Enrique dijo con un tono extraño: -Yo la vi y pensé que era por la autopsia.- Continuó: -De

todas formas es cierto, ¿ya qué?, solo tengo ganas de embriagarme, estoy cansado, no tengo

energía para ponerme a resolver un crimen, lo mataron, no podemos hacer ya nada, vamos

a tomar, a tomar por él, ¿sí? Así podemos creer que no, que fue por la autopsia y que sí, fue

un paro cardiaco.- Manuel aguardó un momento para decir lo que pensaba: -A Alejandro

Silva siempre le gustaron las cervezas en lata. Deberíamos comprar un cajón y llevarlo a

algún sitio.- María sobó su espalda y agregó: -Si vamos a tomar por él que sea en serio, esta

noche tiramos la casa por la ventana.- Enrique se empezó a entusiasmar y nos dijo a todos:

-Vamos al apartamento de Alfredito, en el camino hay un supermercado que abre las

veinticuatro horas. De paso compramos unas sopas y unas latas de fríjoles con carne que

tengo hambre.- Manuel replicó: -¿Y las latas de pintura que tenías en tu apartamento

Alfredito? ¿Ya las botaste?- A lo que yo respondí: -¿Las de Laurencena? Sí, esas ya no

están estorbando, podemos ir a mi apartamento y nos quedamos ahí hasta que salga el sol.-

Entonces María dijo: -¡Sí! Hoy nos vamos hasta el límite, al borde de nuestras vidas. Ver a

Alejandro tan muerto y tan sin vida me hizo pensar en lo atrapada que estoy dentro de la

mía. Hoy quiero defraudar tanta materialidad, quiero dejar de estar bien colocada, bien

puesta.- Rio tímida. Nicolás la sujetó por la cintura: -Tu y yo mi amor, estamos contenidos

hasta que la muerte nos separe.- María respondió un poco indignada: -Tu y yo, para bien o

para mal, sí, pero esta noche es de todos nosotros.
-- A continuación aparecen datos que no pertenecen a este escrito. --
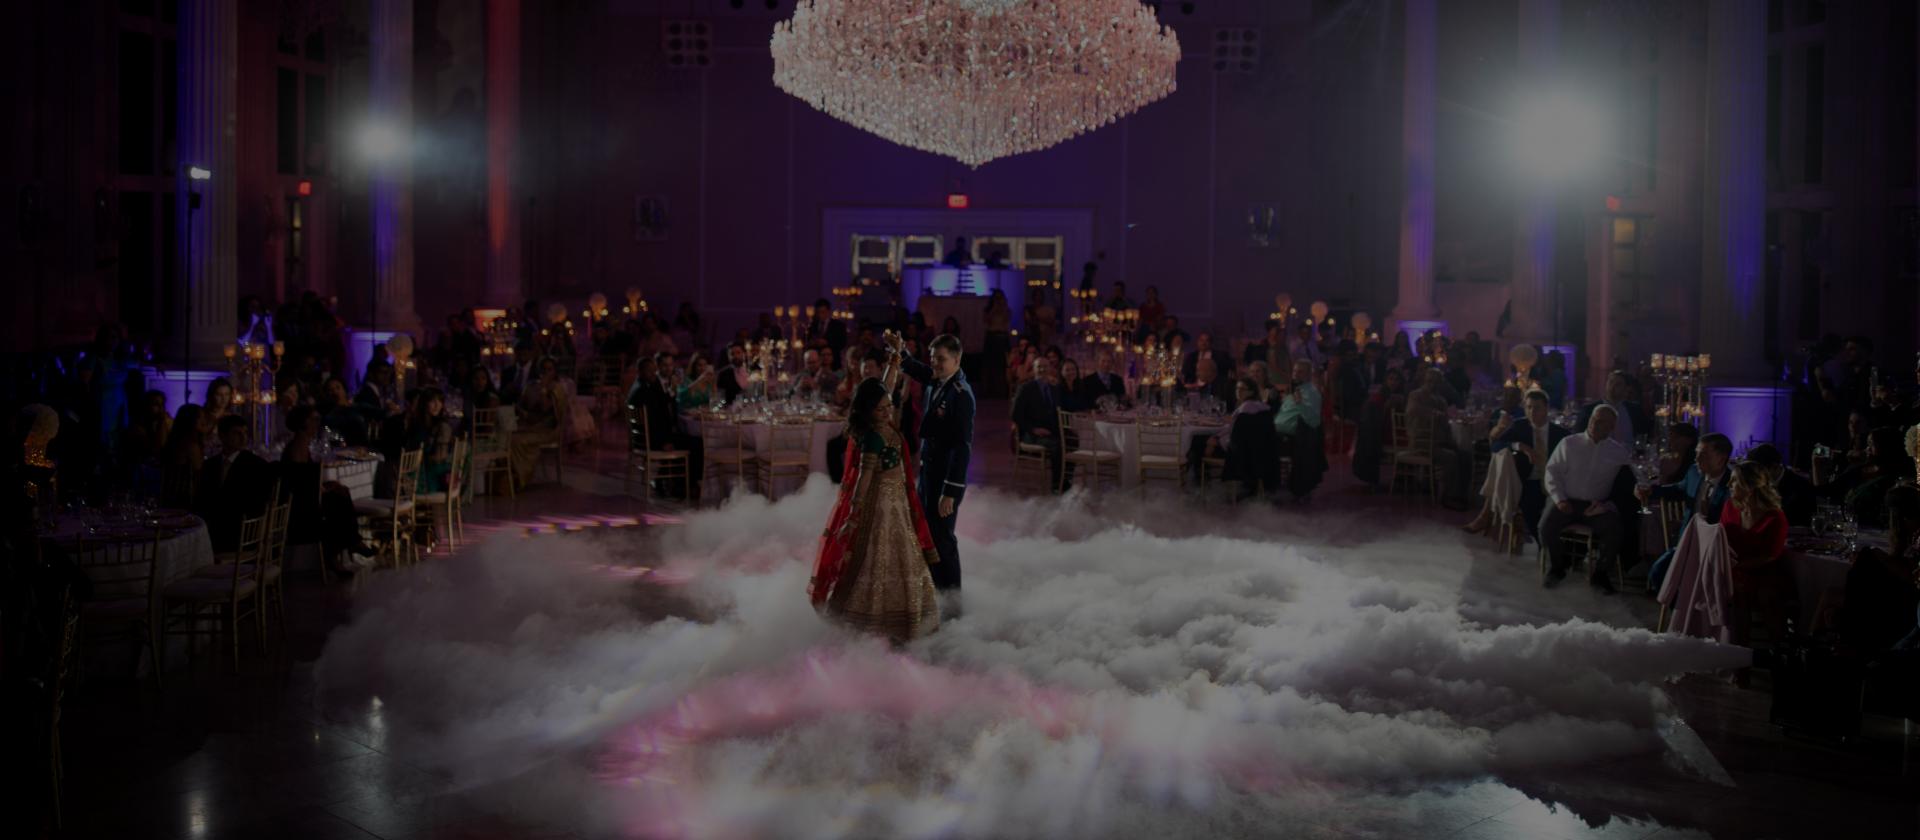 Professional Wedding/Event Planner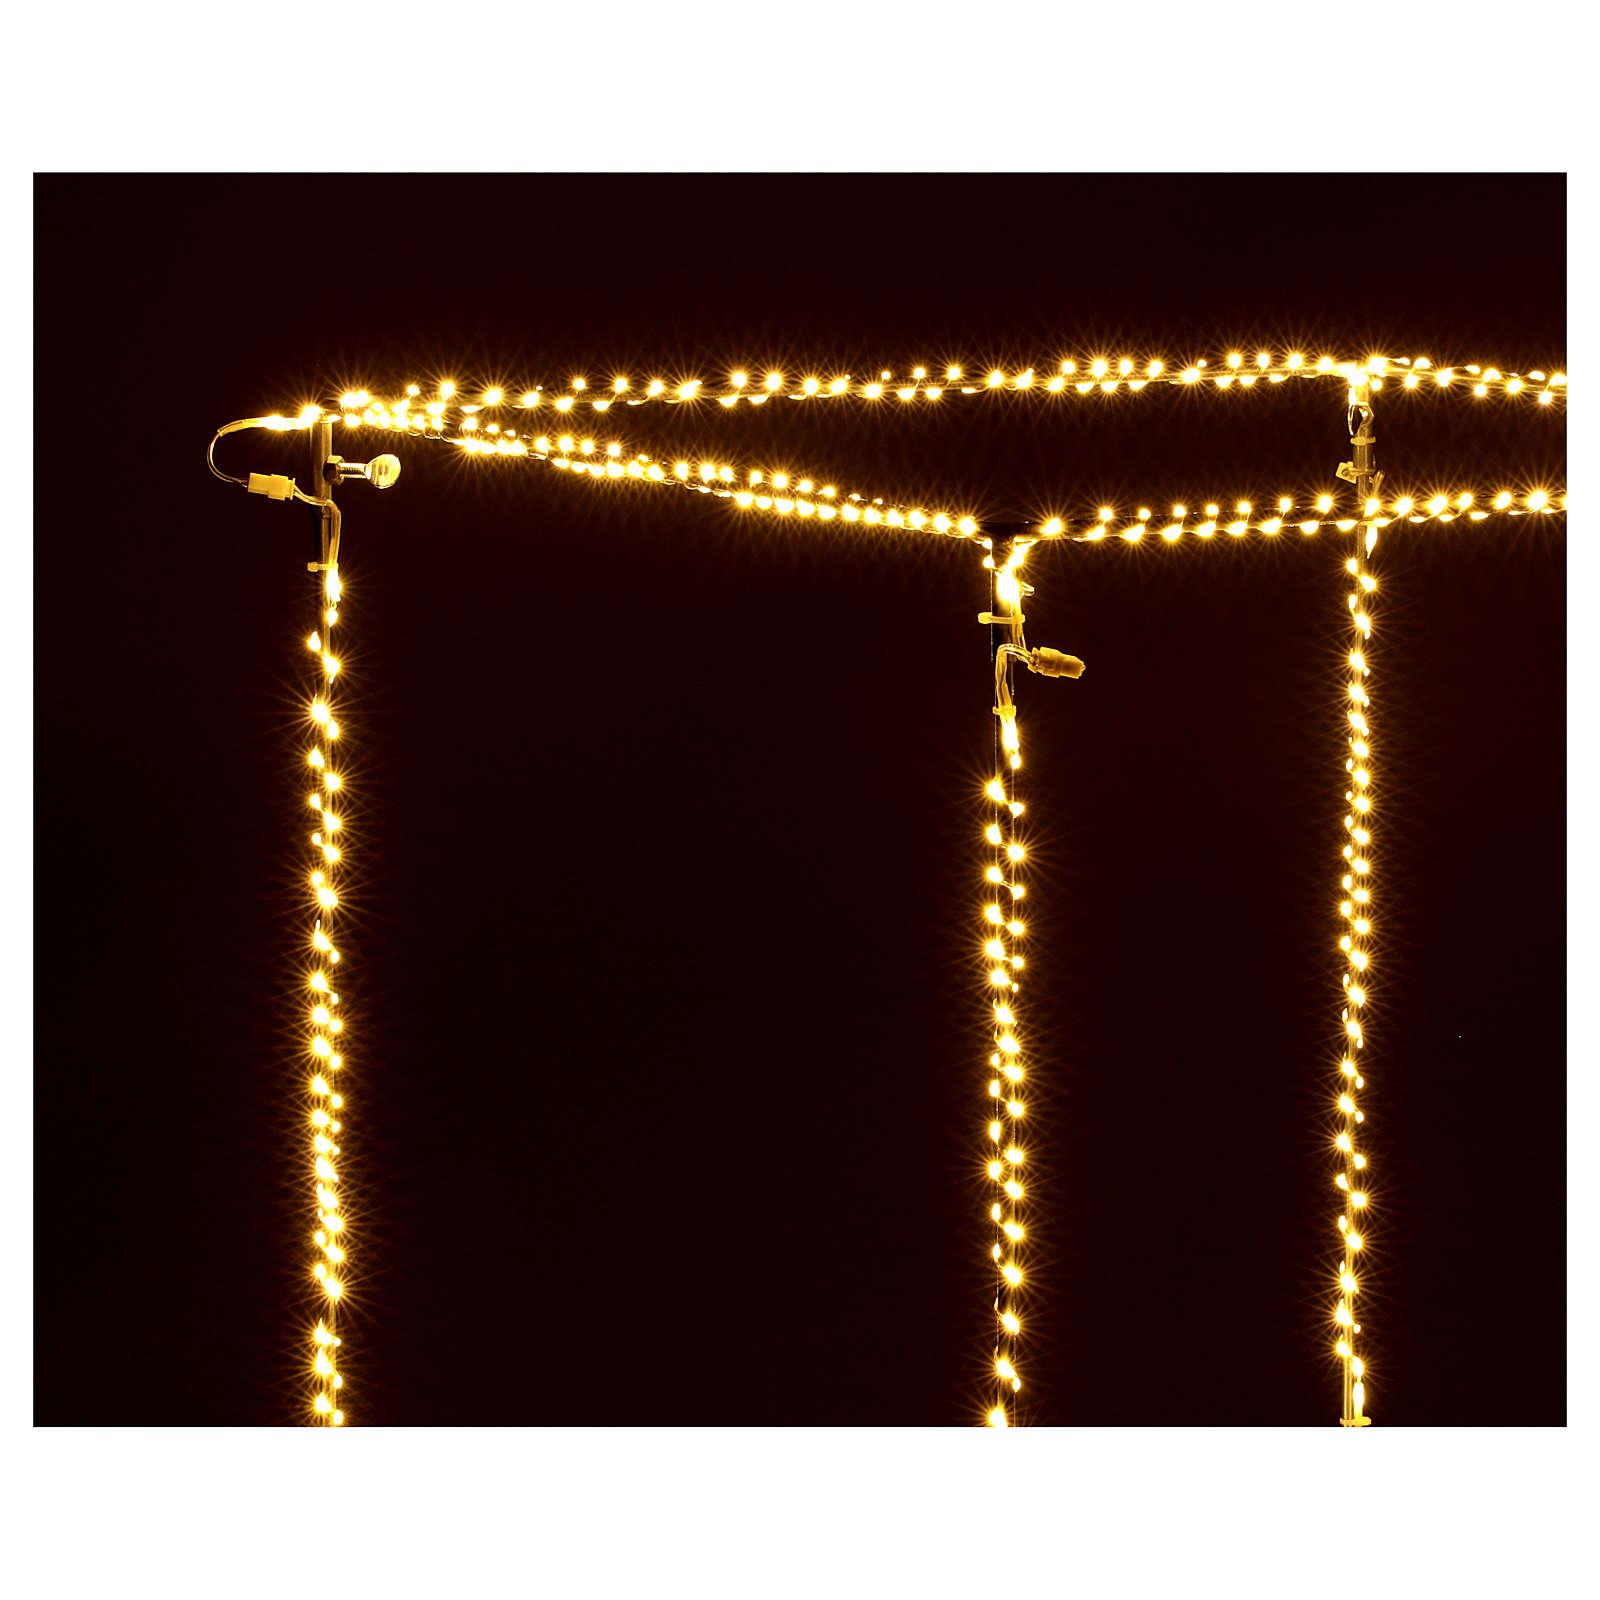 Cubo luminoso navideño 50 cm con 740 led blanco cálido interior corriente 3

Esta noche la vamos a recordar, y si

dentro de un año nos vemos, pues la celebramos otra vez. Esta va a ser la noche de

Alejandro.- Manuel comentó: -Esta va a ser nuestra noche para recordarlo a él, ya no es

nada, lo abrimos de la vida a la que tenemos que acostumbrarnos. Polvo somos, barro… su

muerte será para ilusionarnos con la nuestra.- Con ese tono seguimos conversando hasta

llegar al supermercado, compramos las cervezas, los fríjoles, las sopas, caminos hasta mi

edificio, subimos en el ascensor al quinto piso, introduje la llave en la cerradura y giré el

picaporte de la puerta que se abrió para mostrarnos la sala saturada con el brillo de la luna

y el destello de las bombillas en las ventanas de la ciudad. Encendí las lámparas, abrimos

las cervezas, pasaron las horas, reímos, cantamos, llamamos por más alcohol, subimos,

bajamos, embriagados dentro de la densidad de nuestras vidas y la fragilidad férrea de sus bordes, éramos barro, latas, llegamos a ser algo, al fin, nada. Santiago Navarrete. 060416.